THURSDAY: Back at the Aviva. I love the Aviva. There’s not an atmosphere anywhere like it when it’s jointed. With the fans roaring, it’s worth a goal in itself. Which is just as well, as one goal’s all we ever score.

Seamus Coleman wins Man of the Match for bagging the only goal and also for being one of the few players on the pitch who isn’t sh**e. I tell him not to get too pleased with himself. When I was at Man United, I used to win games single-handedly every week.

I’d say to the lads at half-time: “Beckham, you go model some pants with Posh, or whatever the b **** cks you do... Giggsy, you go shag someone’s missus... I’ll win this game by myself.”

Thank God it went our way, or Eamon Dunphy would be even more insufferab­le than he is already.

I’m told that he criticised the team selection.
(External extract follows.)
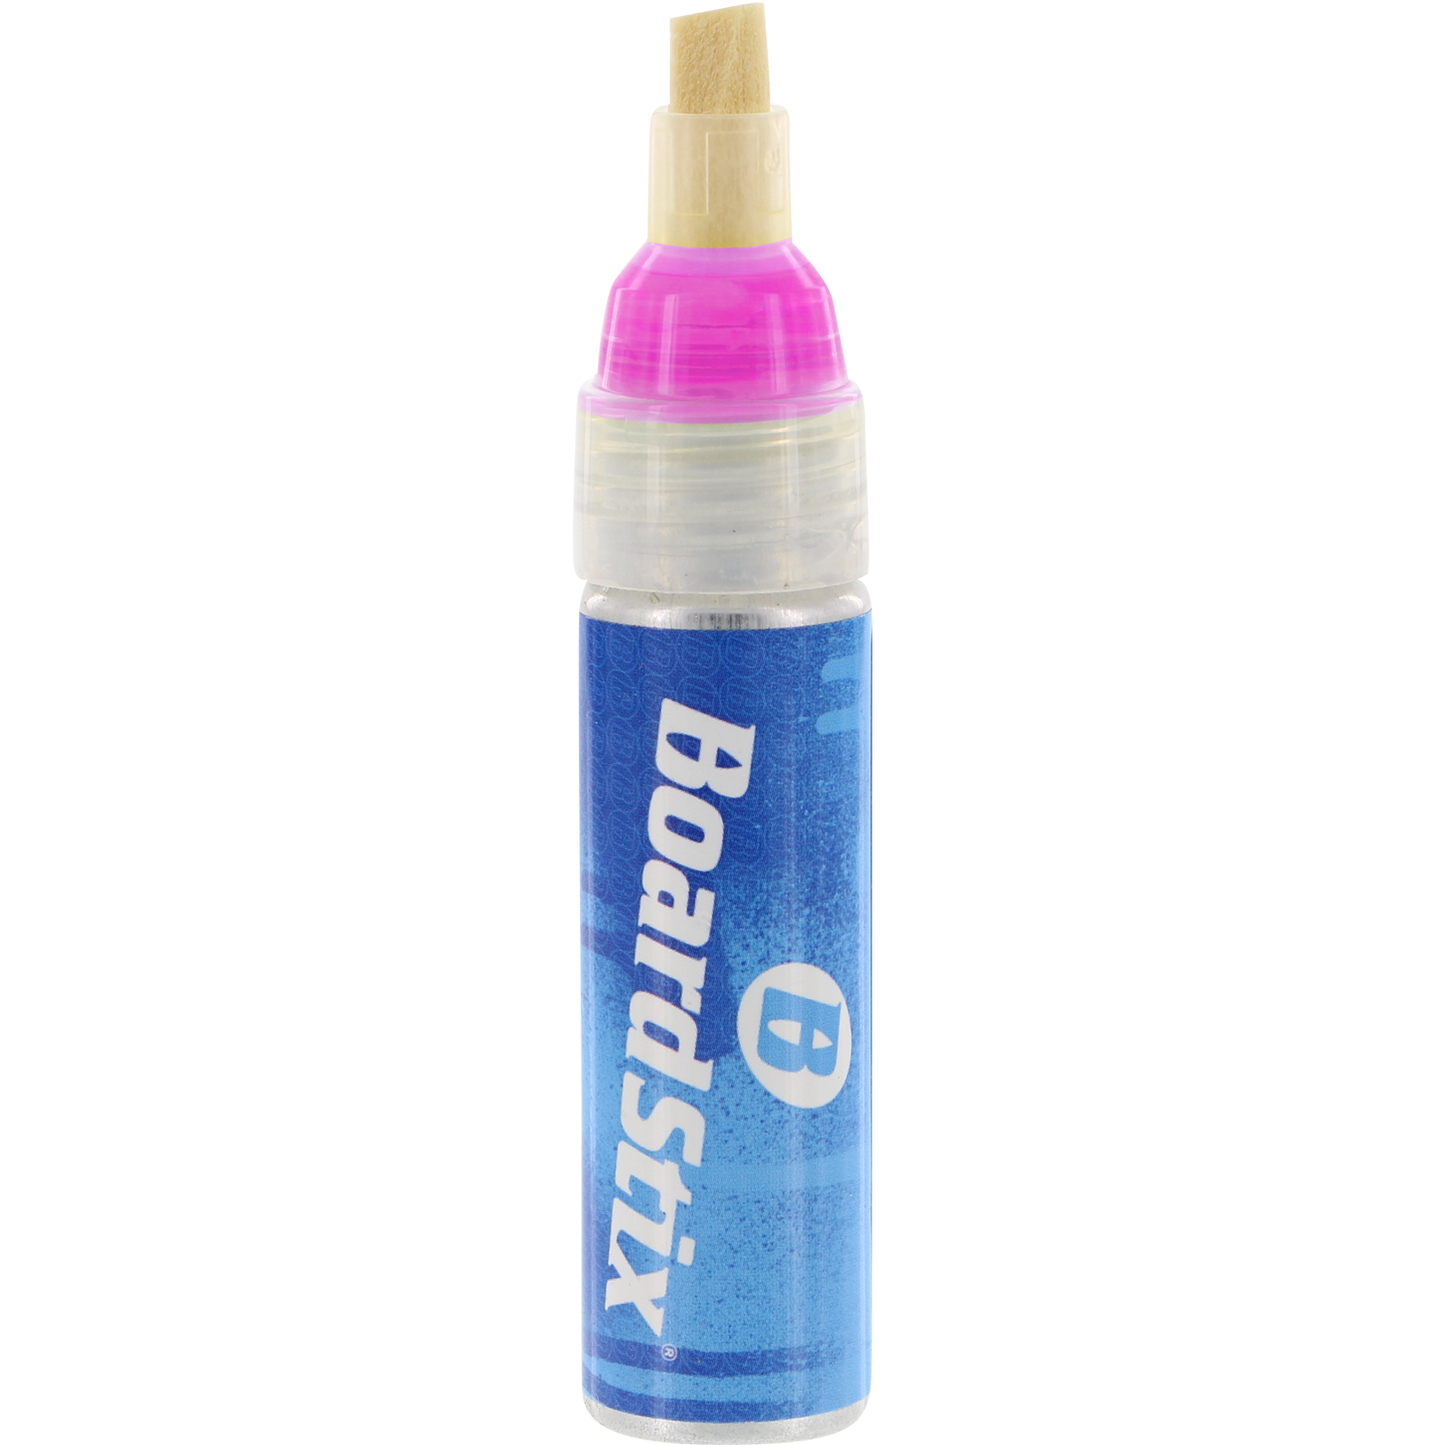 Boardstix Premium Paint Pen Flourescent Pink
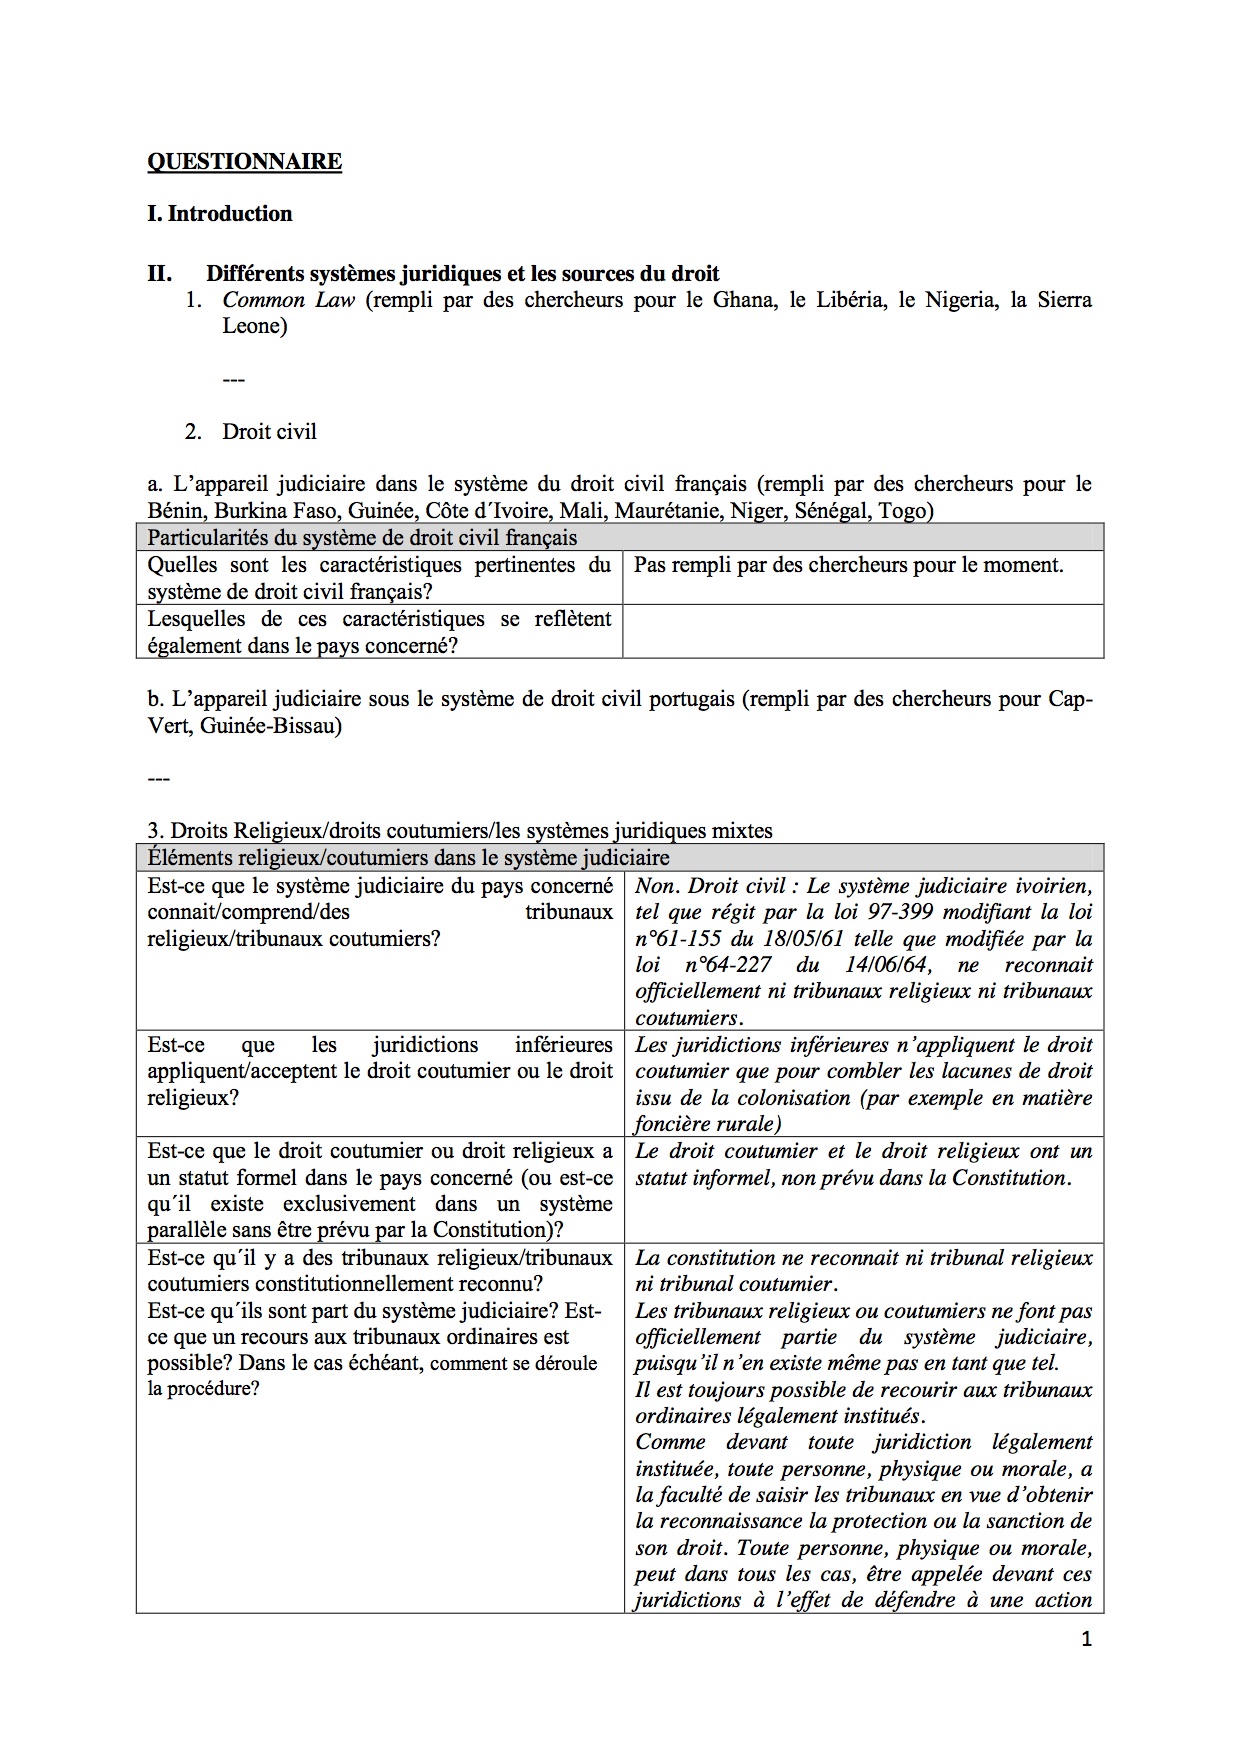 Rule of Law Questionnaire - Cote D'Ivoire

You’ve got to take criticism when you’re a manager, I don’t mind criticism, I can take it on the chin, like, but you’re not telling me Dunphy knows how to pick a good team. The biggest decision he’s ever had to make in his career is whether to have a double vodka or another line of Bolivian marching powder.

If we had to listen to that clown, we’d be playing Gilesy up front and Dunphy would be in the RTE studio telling everyone his mate was still better than Pele.

FRIDAY: Des Cahill asks Sean O’Rourke on radio if he watched the match last night. Awkward pause, then O’Rourke admits he only dipped in and out. Says he was reading a book about politics instead, but he’s fooling no one. He was gawking at Pat Kenny’s new show on TV3, wasn’t he?

There’s no shame in checking out the competitio­n. I spend all day watching old videos of Moldova in preparatio­n for Sunday’s qualifier. It’s going to be 1-0 again. You know it. I know it. We’ve been through this crap enough times not to kid each other any more.